§ **Recorded information**

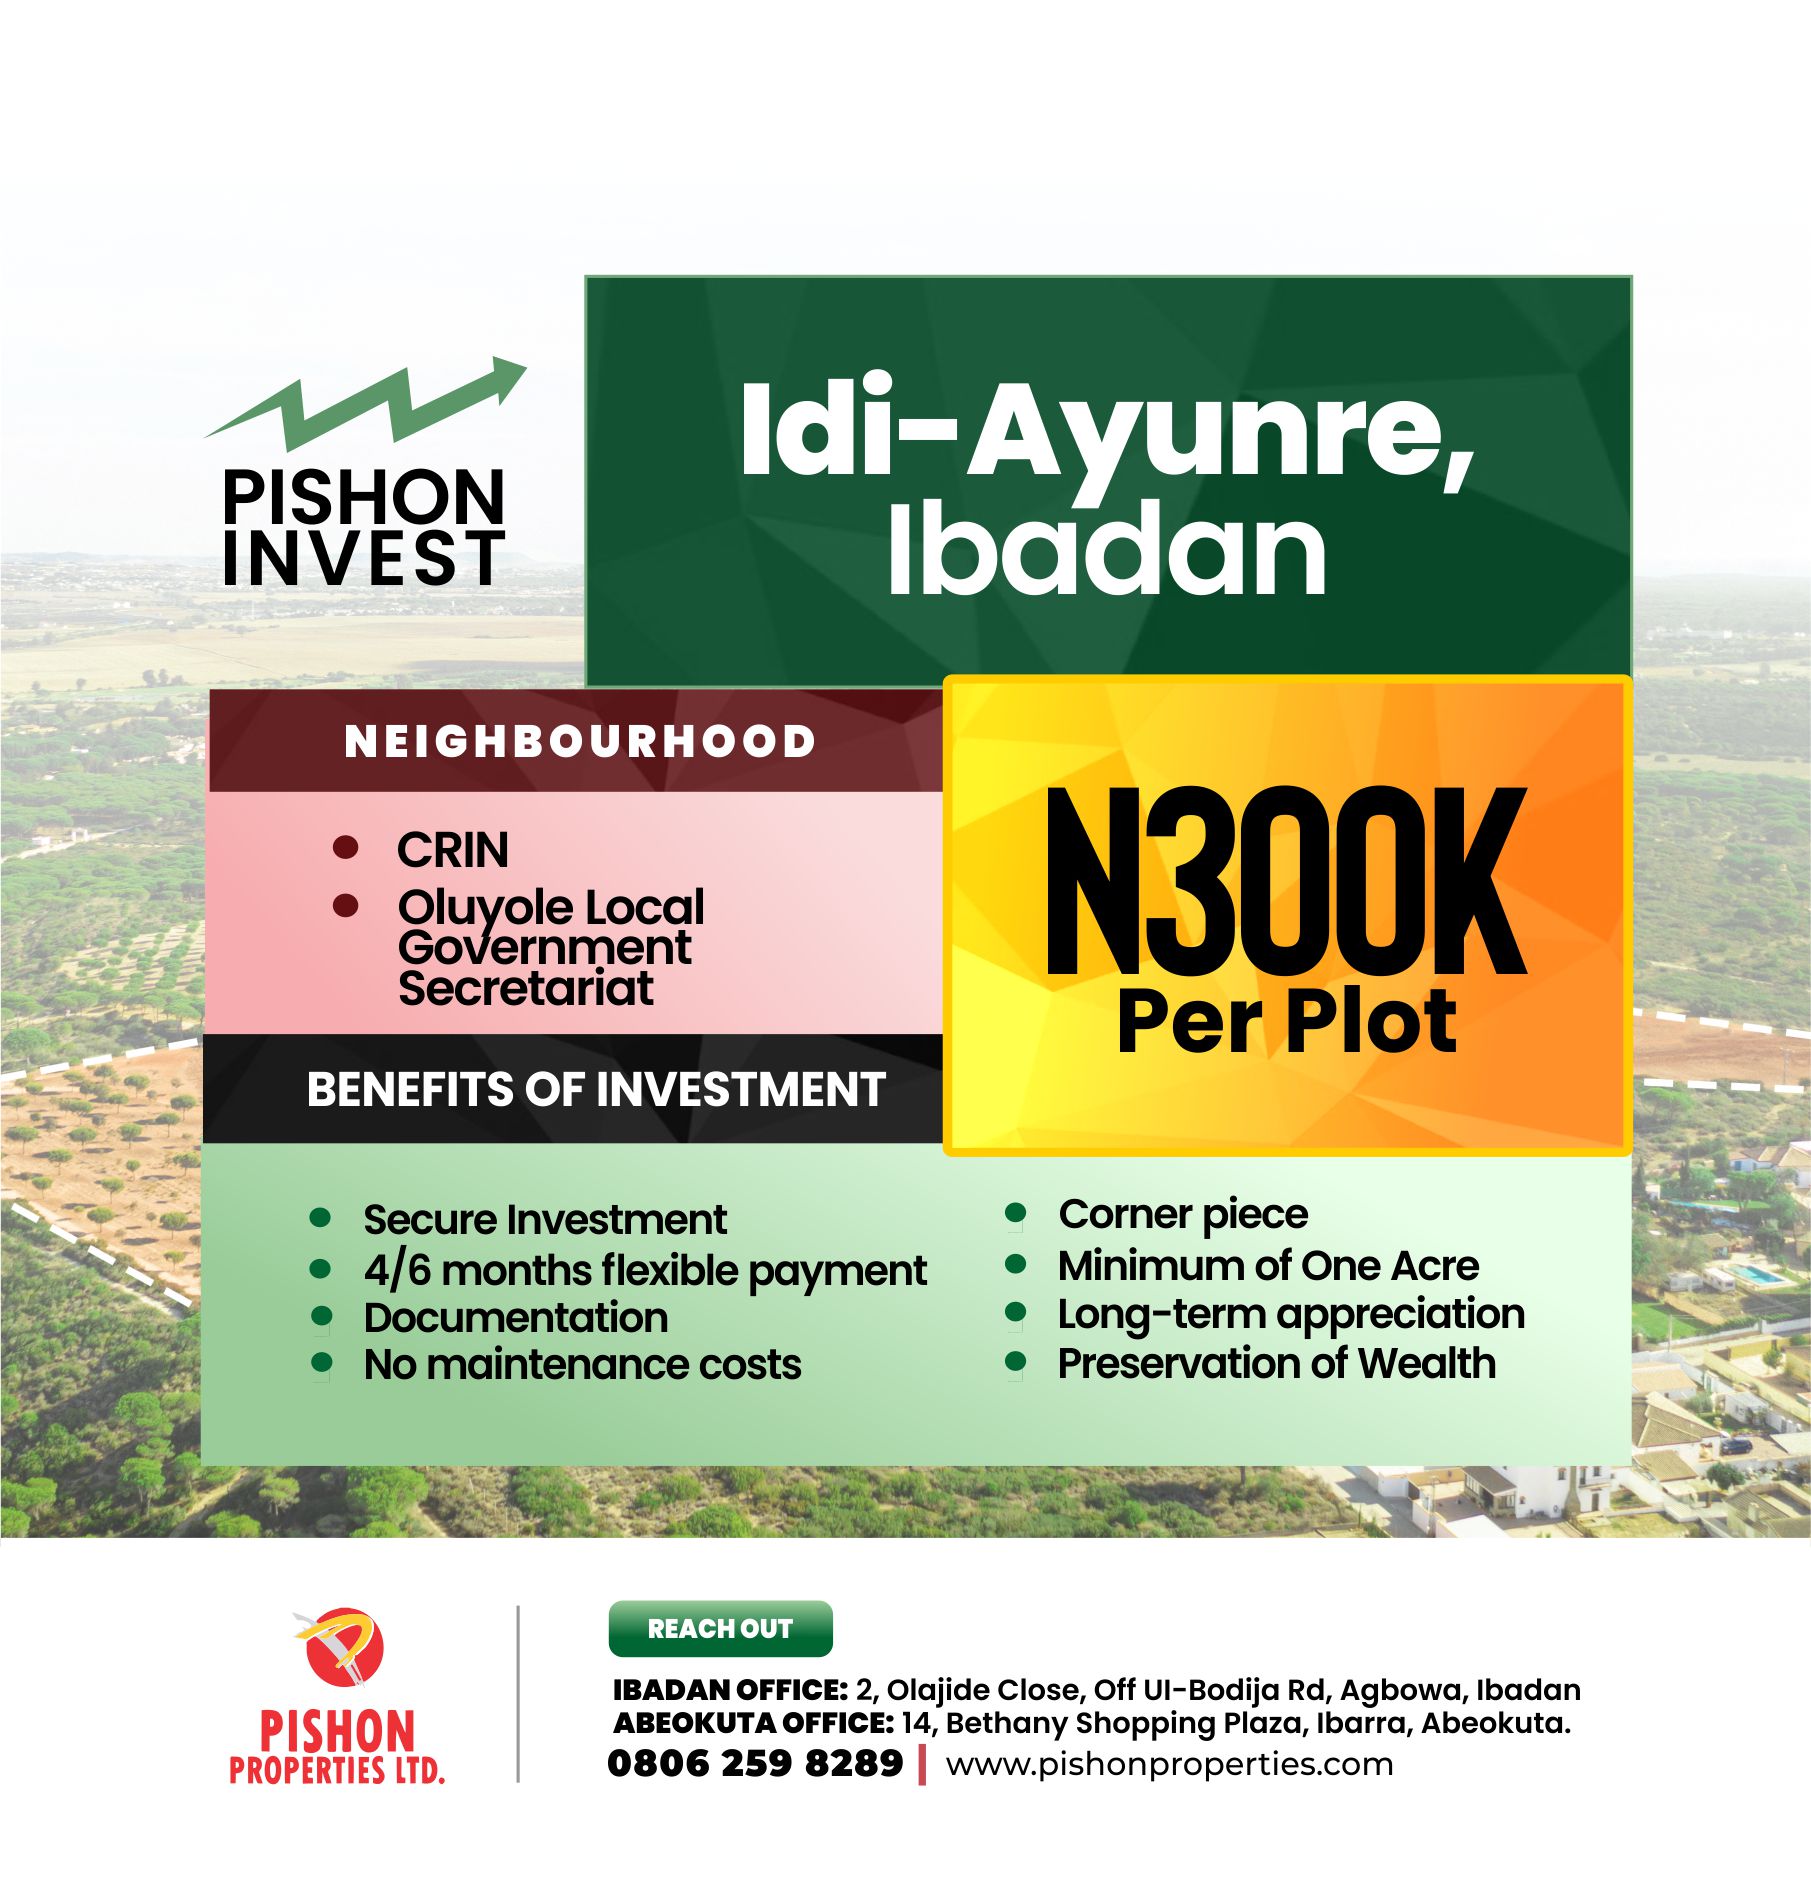 Land Banking in Idi-Ayunre Ibadan
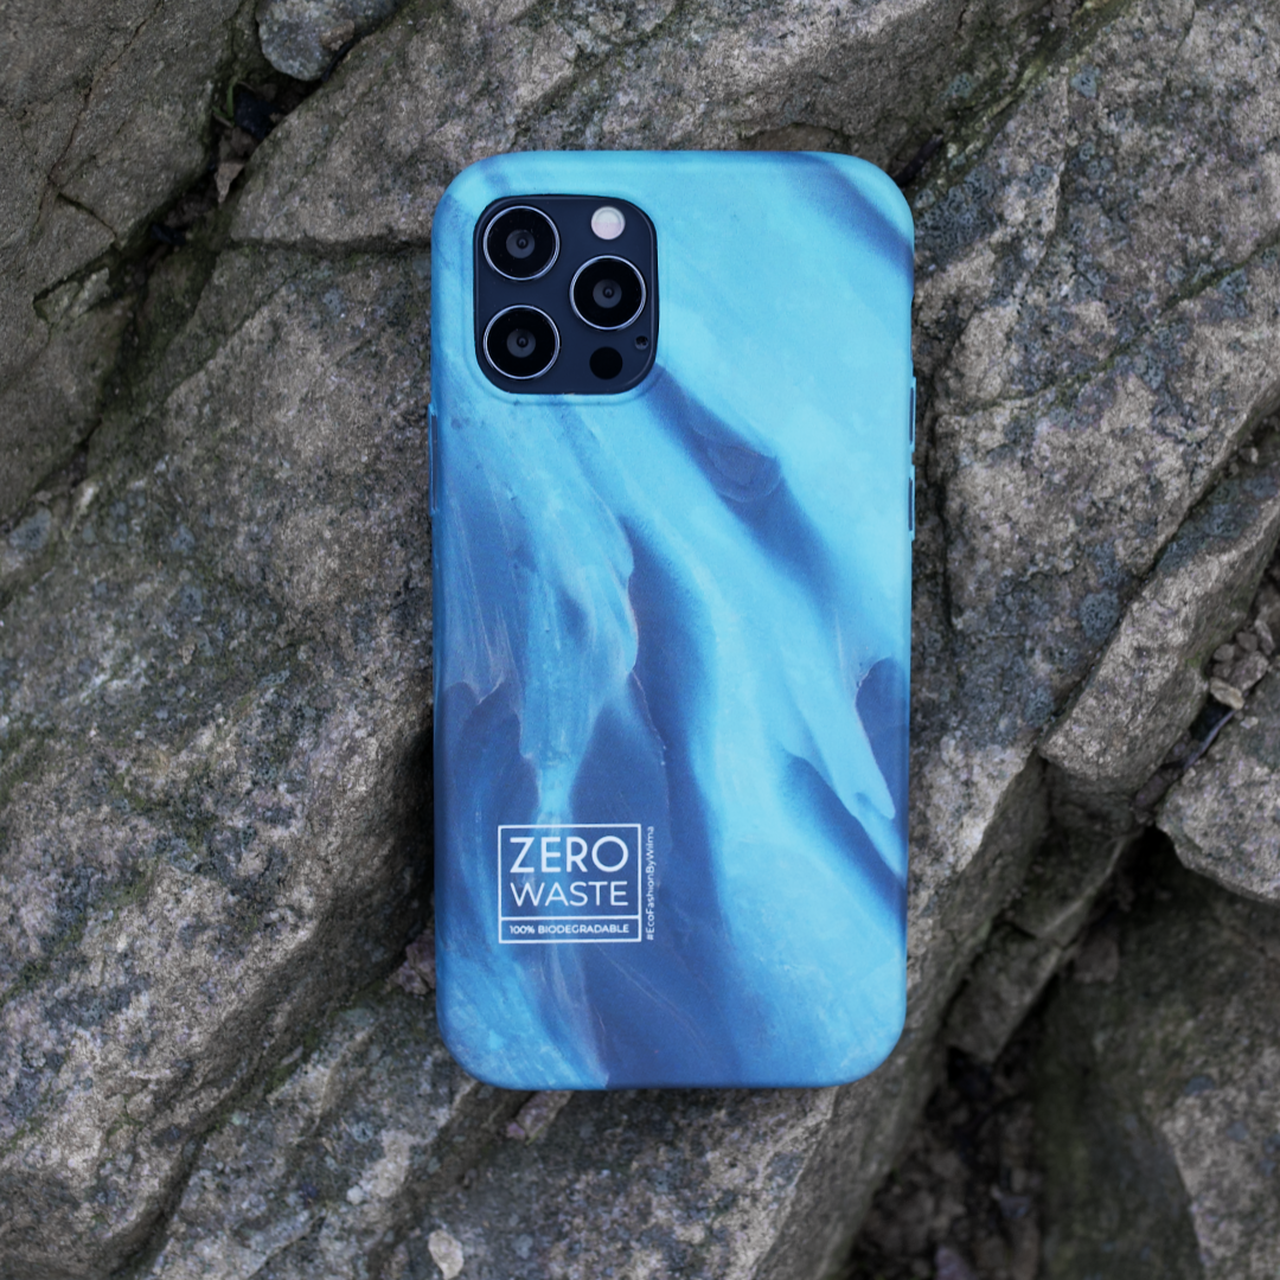 Wilma Design Biodegradable Case iPhone 12 Pro Max - Glacier
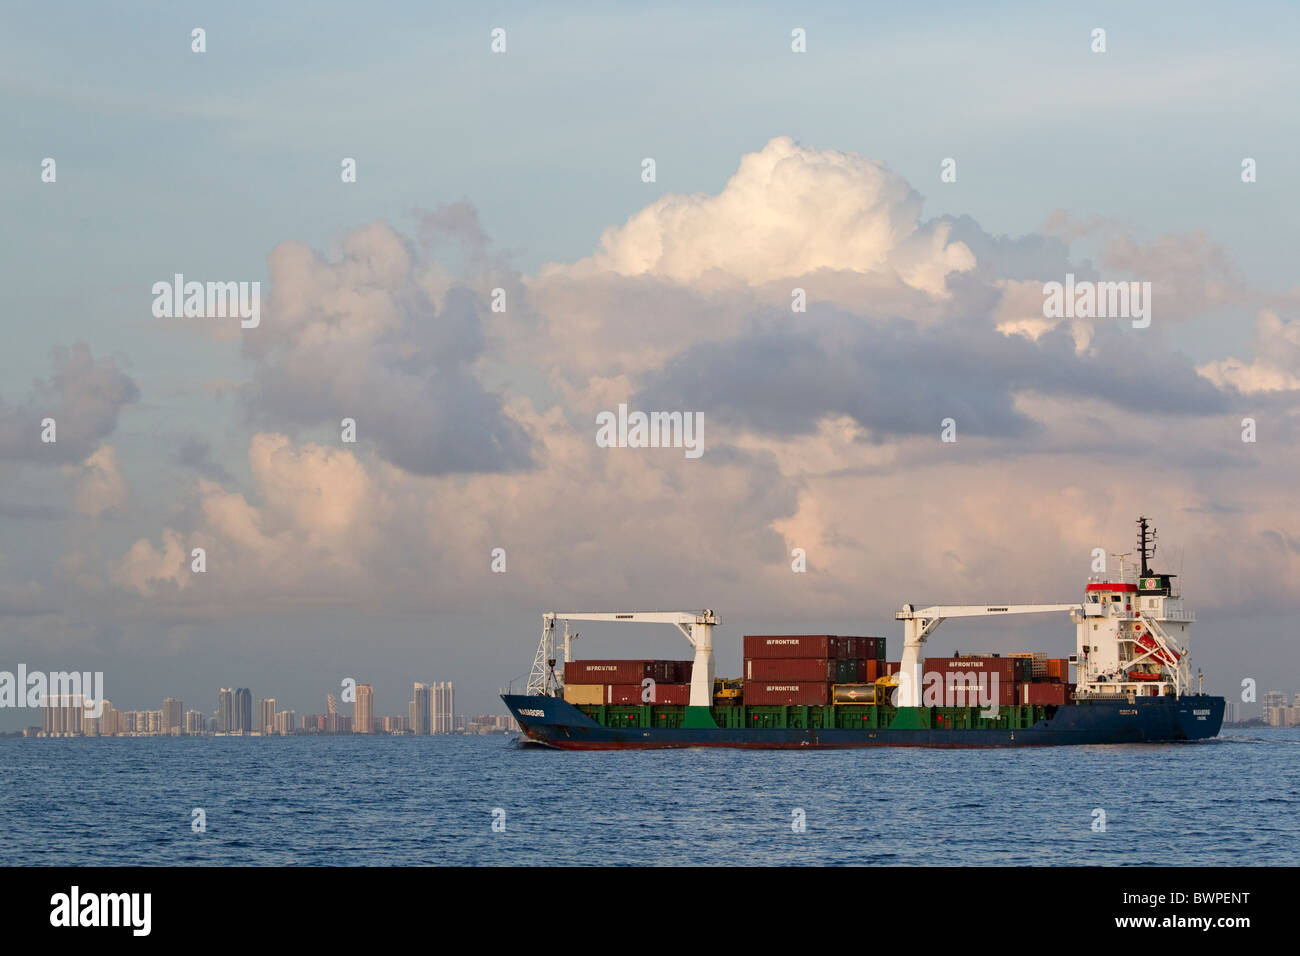 Cargo ship at sea near city, Daytona, Florida Stock Photo
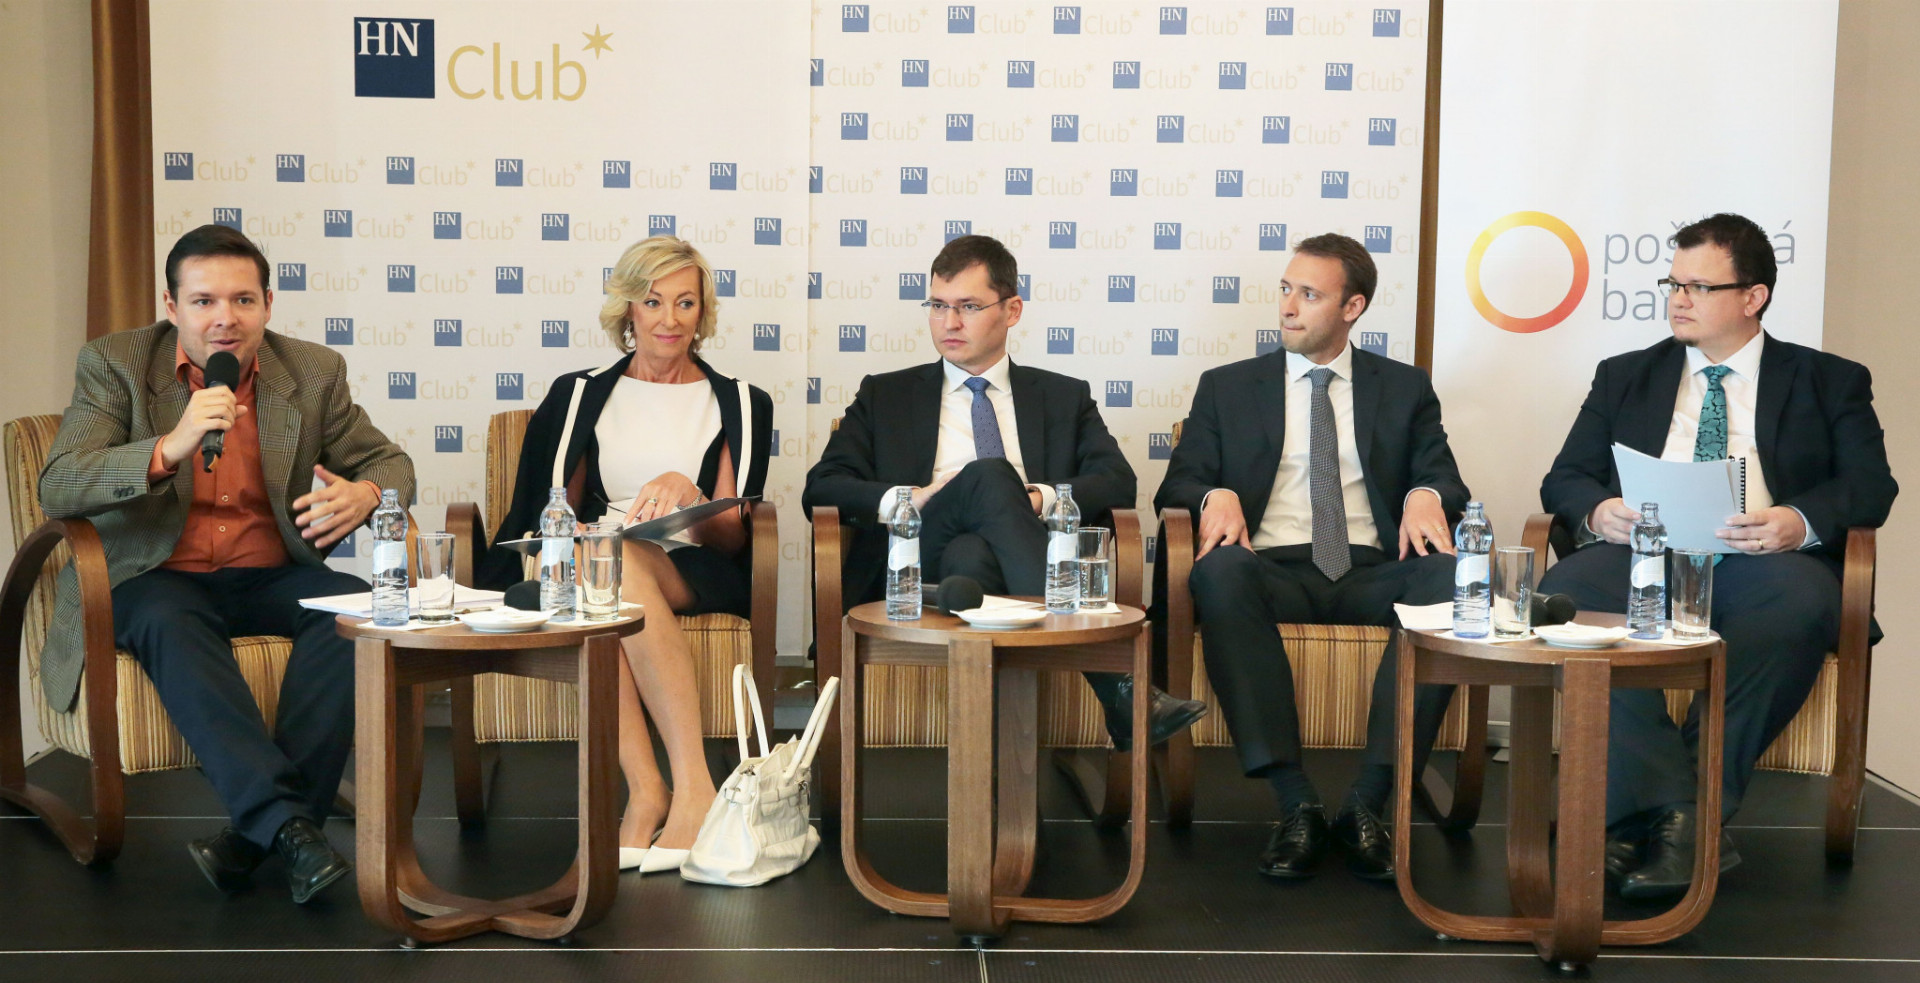 Na konferencii o novej smernici PSD2 debatovali predstavitelia bánk, asociácií i fintechov.

§ **Exercise requirements**
The output is to be the material in full and unaltered, with pictures omitted.

§ **Result below**
 Land Banking in Idi-Ayunre Ibadan
 Wilma Design Biodegradable Case iPhone 12 Pro Max - Glacier
 Cargo ship at sea near city, Daytona, Florida Stock Photo
 Na konferencii o novej smernici PSD2 debatovali predstavitelia bánk, asociácií i fintechov.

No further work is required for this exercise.